Standalone Trusts vs. Sub-Trusts
By: Bernard A. Krooks, Certified Elder Law Attorney
Special Contributor: Joel Krooks, Esq.
If you’re having your estate planning prepared and want to create a trust for a child or family member, should you set up a standalone trust, or include trust provisions within your existing estate plan?
A standalone trust is a separate trust document created as its own standalone document. It is distinct from your main estate plan but can be referenced in your will or revocable living trust.
For example, your revocable trust might say that when you pass away, your assets should go into the “John Doe 2026 Trust,” which was set up under a separate agreement on March 3, 2026. This separate document is called a standalone trust because it exists on its own, separate from your revocable trust.

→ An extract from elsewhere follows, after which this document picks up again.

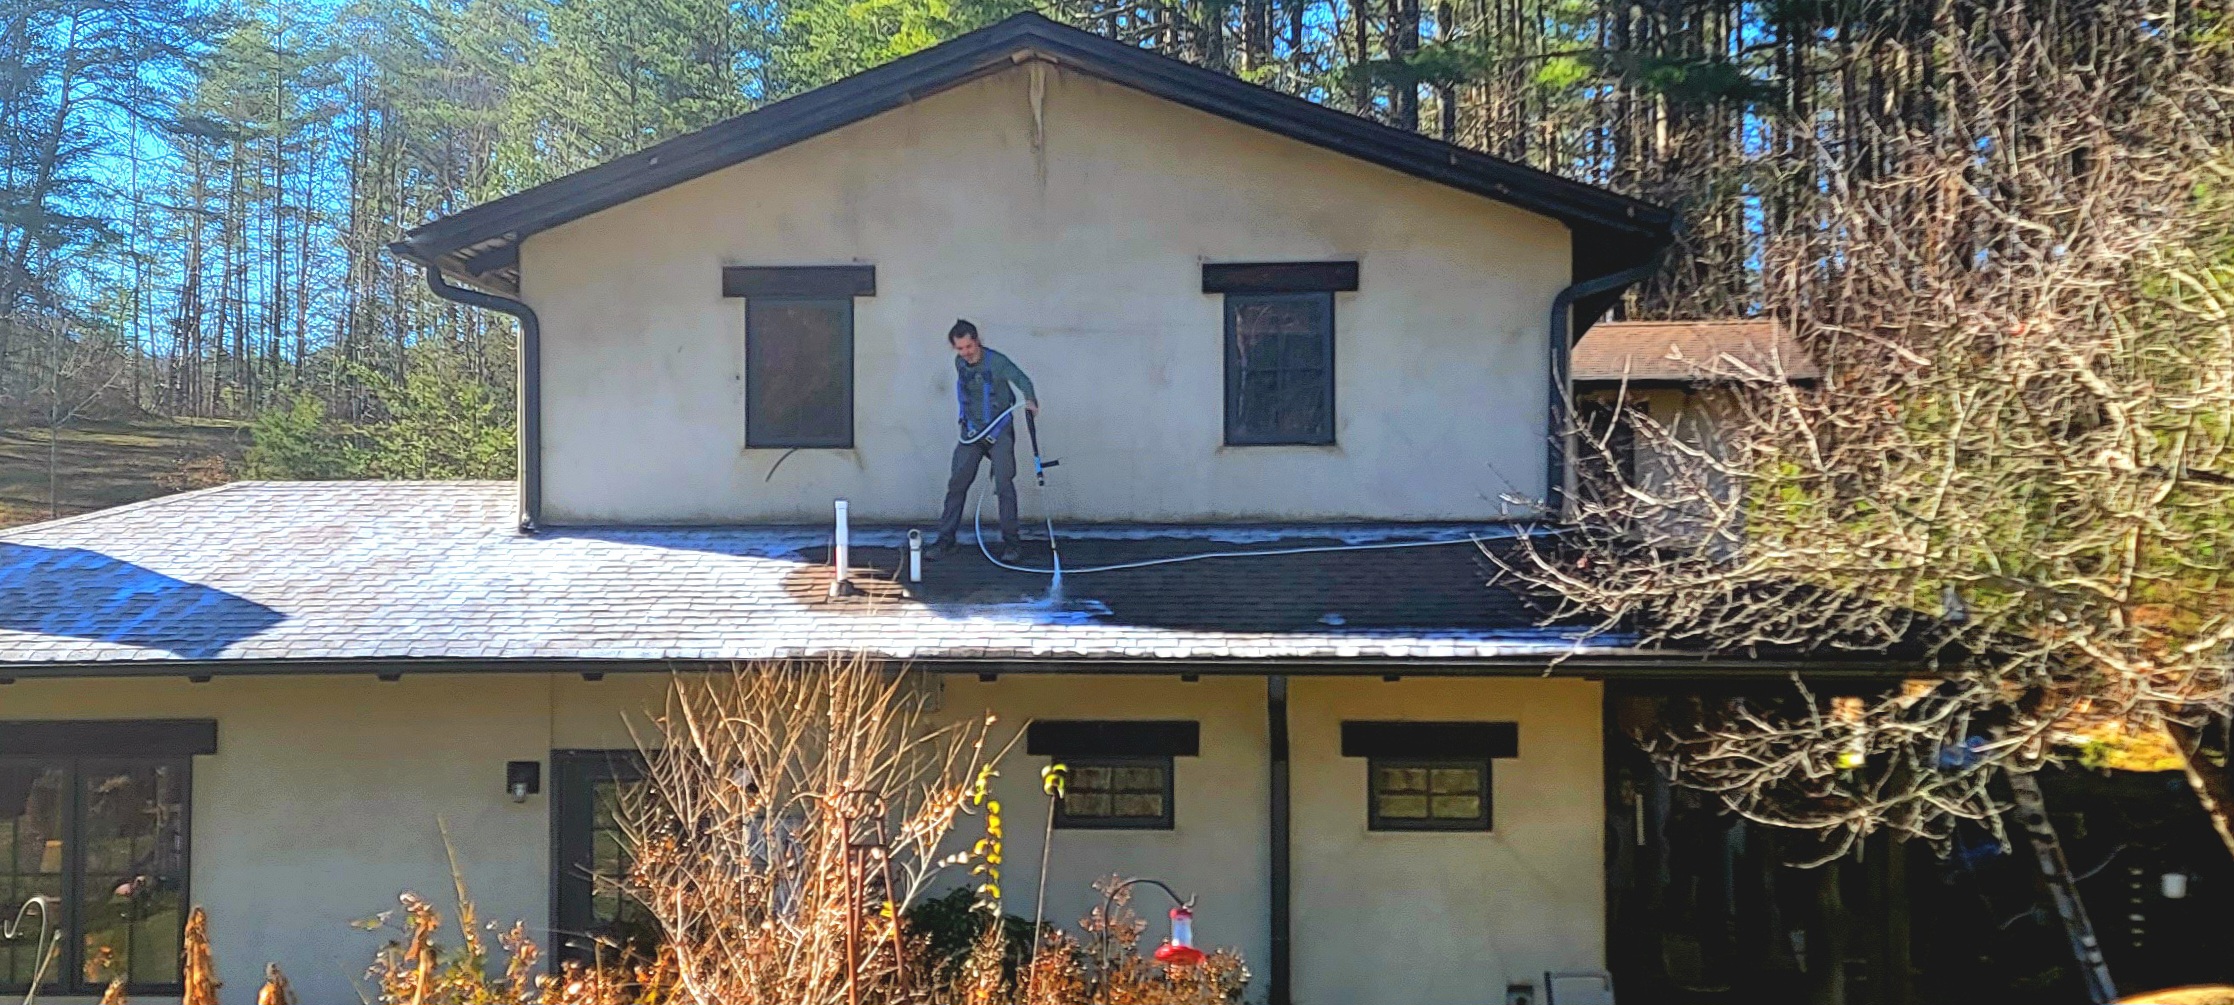 man on roof for rural home. spraying roof restoration solution. two story house in the forest of wnc

The other option is a sub-trust, which is a trust that is written directly into your main will or revocable trust. This type of trust is not created until after you pass away. If it is created through a will, it only takes effect after the estate goes through probate, meaning it cannot avoid the probate process.
The purpose of the trust often drives whether you use a standalone trust or a sub-trust. Is it a special needs trust to protect a beneficiary who receives public benefits? Is it a descendants separate trust for one of your children? Do you want other beneficiaries to be able to see the terms of the trust?
Standalone trusts tend to be more expansive and complex, but they offer several benefits outlined below.
• Simplified Administration – Trustees may avoid showing the full estate plan to banks or financial institutions.
• Avoids Probate – Unlike testamentary trusts under a Will, a standalone trust can operate immediately upon funding without probate delays.
• Flexible Amendments – Changes can target the standalone trust without affecting your main trust.
• Facilitates Gifts from Others – Family members can contribute directly to the standalone trust.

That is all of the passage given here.